No two cities could be more different than Hong Kong and Santiago. It is hard to find any common political theme. But they have something significant in common: Real estate bubbles in both venues have priced housing outside the means of ordinary people, and especially young people.
As the charts below make clear, the cost of housing has risen much faster than wages in Chile and Hong Kong.
Commentaries in the world media, from the New York Times to Germany’s Die Welt, point to “inequality” as the source of Chilean rancor. That’s partly true, but misleading. It isn’t inequality as such that drives people into the streets, but harsh fact that decent living space is inaccessible to the less affluent.
According to a Sept. 19 Washington Post commentary, “Hong Kong’s real estate has for years been ranked the world’s least affordable. For example, a one-bedroom unit in Tuen Mun in the New Territories – about an hour by subway way from Central, the main business district – costs the same as a two-bedroom apartment on New York’s upmarket Upper East Side. Prices have risen by 48% over the past five years. According to Demographia, it takes almost 21 years of an average household’s entire income to purchase a home, compared with 12.6 years in Vancouver and 8.3 years in London. Renting is hardly more palatable. Rates for apartments in the ex-British colony are higher than for similar-sized dwellings in San Francisco, New York City and Zurich.”
Chile’s government raised the minimum wage to 350,000 pesos a month, or US$482. The average monthly wage is about $795.The average monthly rent for a one-bedroom apartment in Santiago is about $460 a month (a one-bedroom on the outskirts will rent for $389 a month, according to numbeo.com). A three-bedroom apartment rents for $800 a month inside Santiago and $669 in the suburbs. As in Hong Kong, the numbers don’t add up: both labor-market entrants and older workers struggle to pay rent. It’s not surprising that an increase in rapid transit fares sparked protests.
Around the world, housing prices have risen much faster than incomes. Hong Kong and Santiago are among the most egregious cases. The problem isn’t the housing market as such, but the market for al income-earning assets. After the 2008 financial crisis, central banks around the world kept interest rates extraordinary low. Nearly $20 trillion of government bonds now trade at negative interest rates, something rarely seen before in financial history, and never for such an extended period and on such a scale.
That forces investors to shift money from government bonds to other income-earning assets, notably real estate, as well as equities. Loose monetary policy, though, hasn’t produced a corresponding boom in productivity-enhancing capital assets. Labor productivity has lagged through the past 10 years of monetary laxity. That explains why asset prices have outstripped wages. Real estate is simply another asset class, a bubble on the wave of monetary easing.
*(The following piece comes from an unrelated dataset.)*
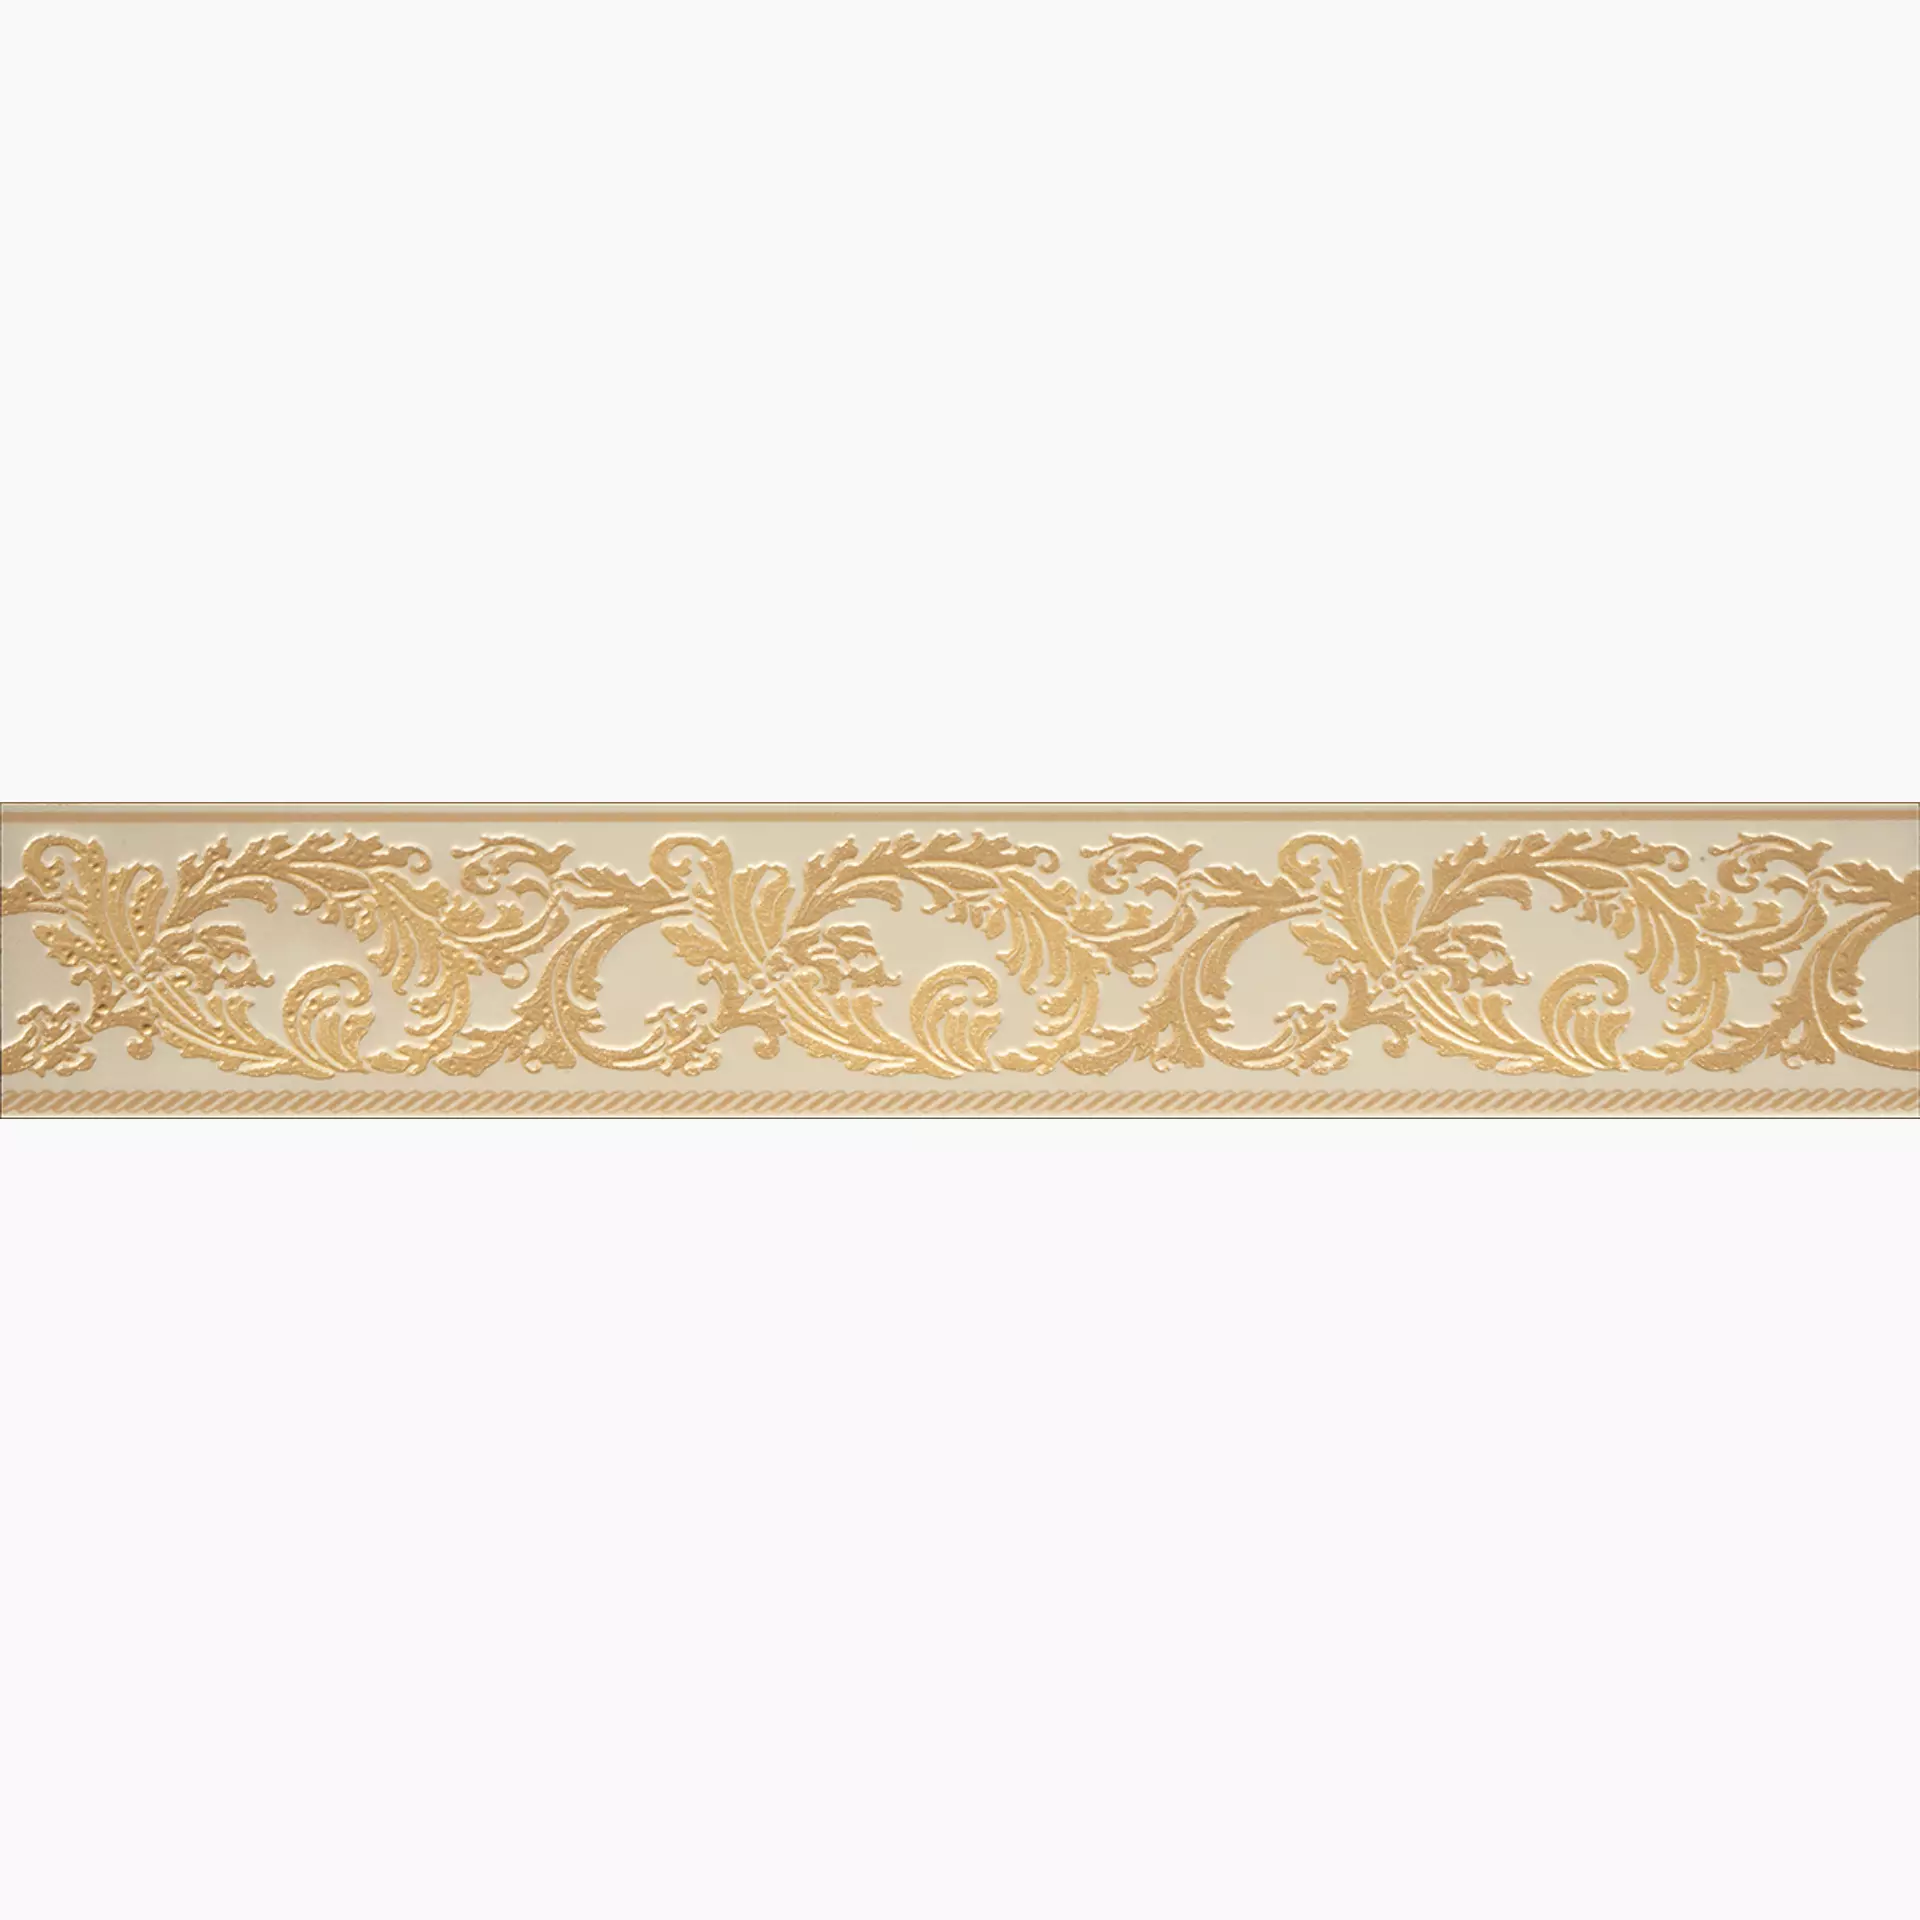 Versace Marble (Gar) Beige Lux Beige G0240884 9,6x58,5cm Band Barocca rektifiziert 9,5mm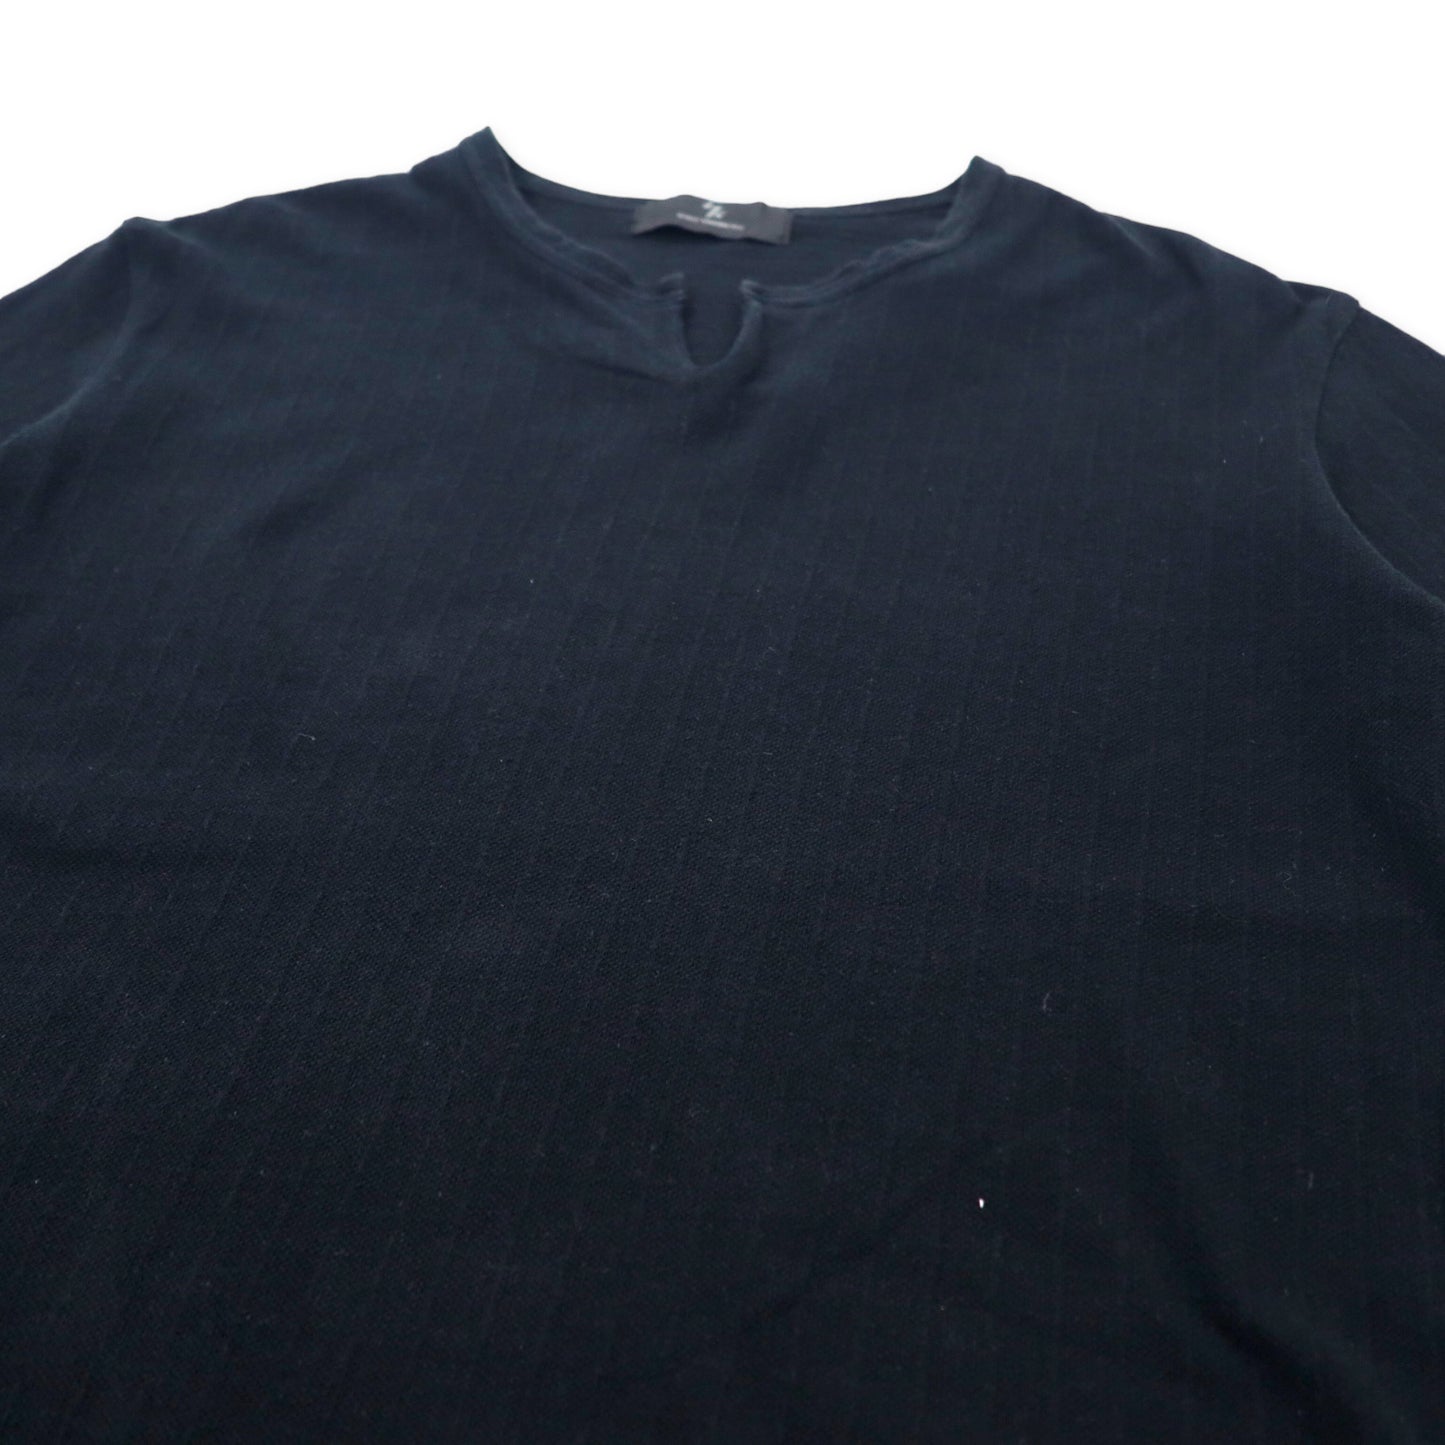 Y's YOHJI YAMAMOTO キーネック 鹿の子 Tシャツ 3 ブラック コットン MP-T16-053 日本製

The asset price bubble disrupts the lives of families around the world. In the United States, the rate of home ownership has fallen from an all-time high in the mid-2000s to the lowest level since the 1960s.
In northern Europe, central bankers warn darkly of a wave of wealth destruction were the present bubble in real estate prices to explode.
Redistributing income won’t satisfy the protesters in Santiago or Hong Kong. The issue isn’t inequality, but rather the radical redistribution of wealth in favor of pre-existing holders of assets due to low or negative interest rates worldwide.
The root cause of the problem is the lack of high-productivity outlets for capital investment that would also raise the marginal product of labor and support a rise in real wages.